= Kafwe Twa =

Ethnic groups

The Twa of the Kafue Flats wetlands of Zambia are one of several fishing and hunter-gatherer castes living in a patron-client relationship with farming Bantu peoples across central and southern Africa.

In Southern Province, where swampy terrain means that large-scale crops cannot be planted near the main rivers, only the Twa fish. They exchange their catch for agricultural produce from their Bantu/village patrons, the Tonga and perhaps the Ila, who build villages at the ecotone on the margins of the floodplain, which they call Butwa "Twa country".

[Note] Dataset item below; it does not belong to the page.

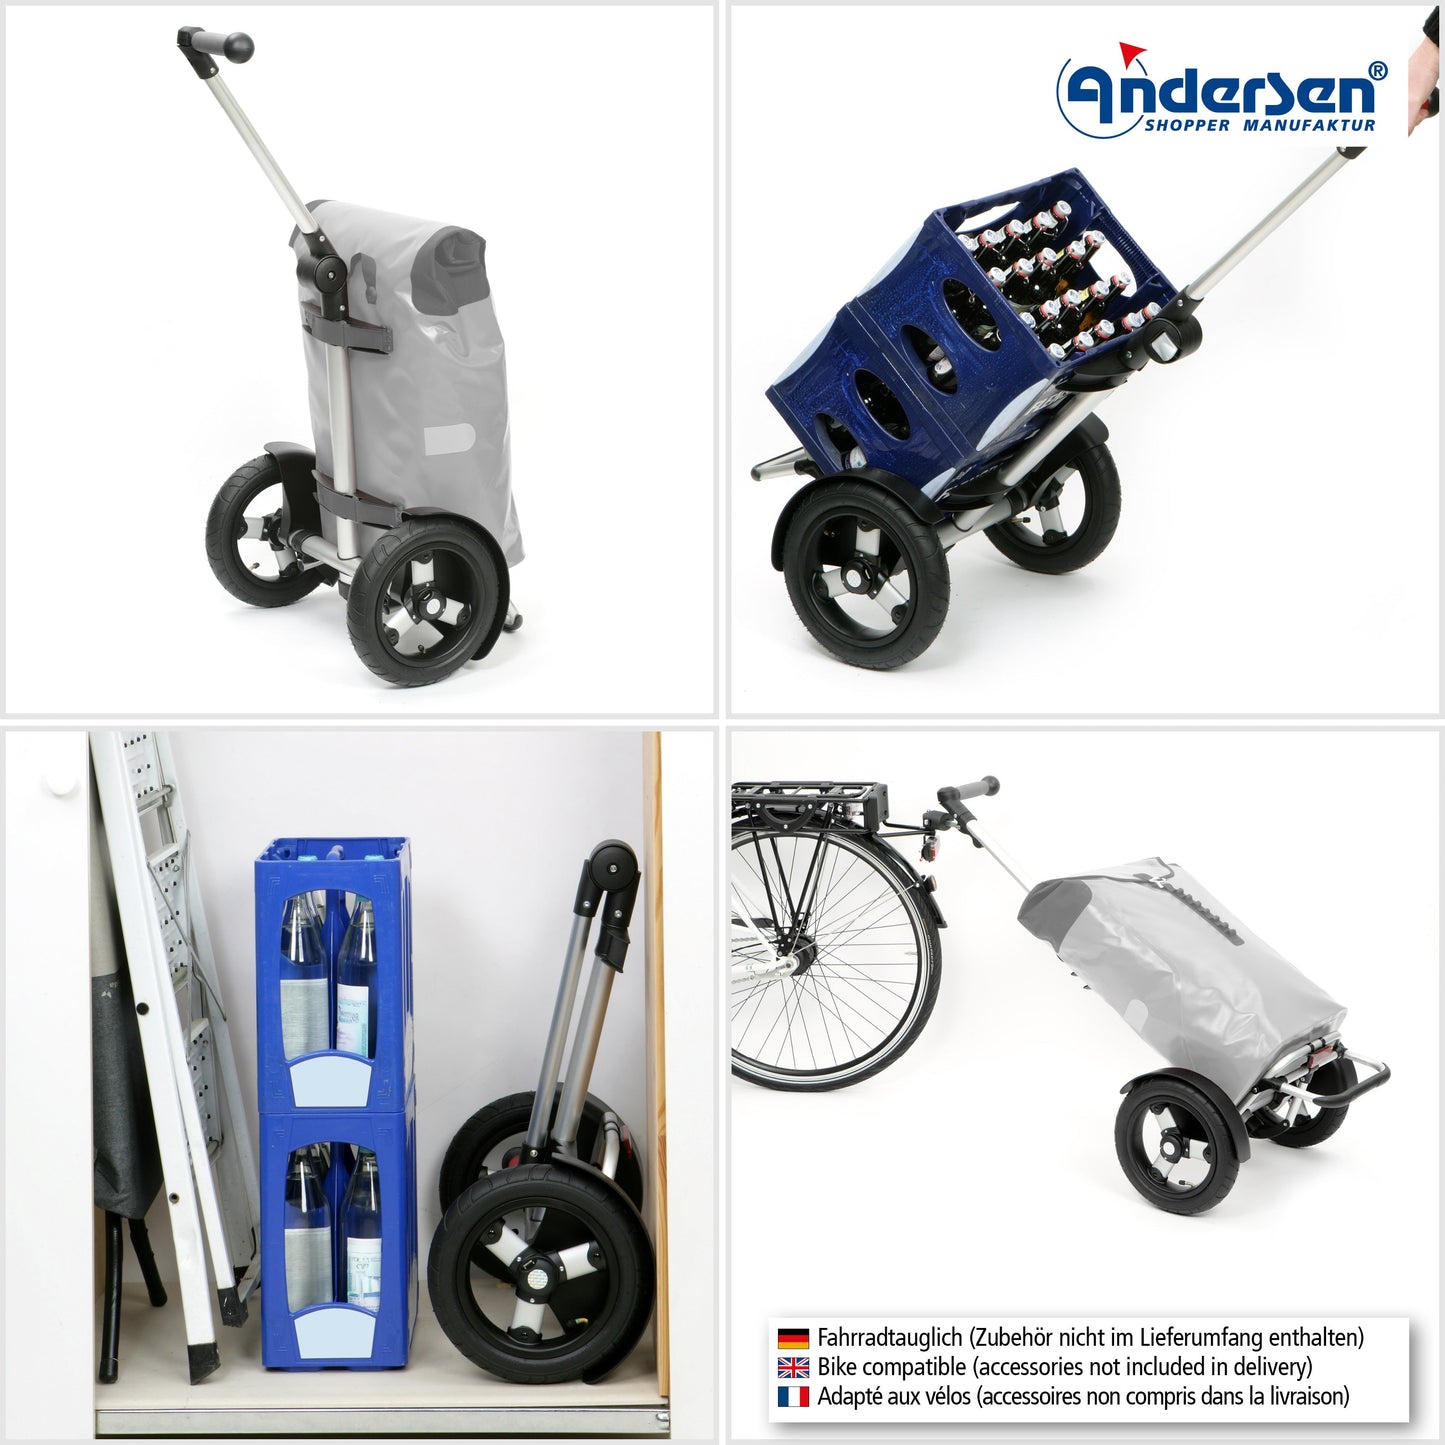 Andersen Shopper Manufaktur-Fahrgestell Tura Shopper (Luftrad 29 cm)-www.shopping-trolley.ch-bild4

The Kafue Twa have a dark-hut method of fishing unique in Africa. The sides of the river are covered with a thick mat of vegetation. The Twa raise a small reed platform about 3 square at the margin of the vegetation, with a tube in the center down to the water. They cover themselves and the tube with blankets, blocking out light as the adjacent vegetation does and enabling them to see the fish in the river clearly. They then spear the fish with bident and trident spears up to 6 m long, and occasionally longer, depending on the depth of the water. In the 1950s there were several hundred of these platforms raised in the Twa fishing grounds, and catches were reported to be over 100 kg per person per day when the fish were running.

Maho (2009) lists Kafue Twa as a dialect of Ila, Ethnologue of Tonga.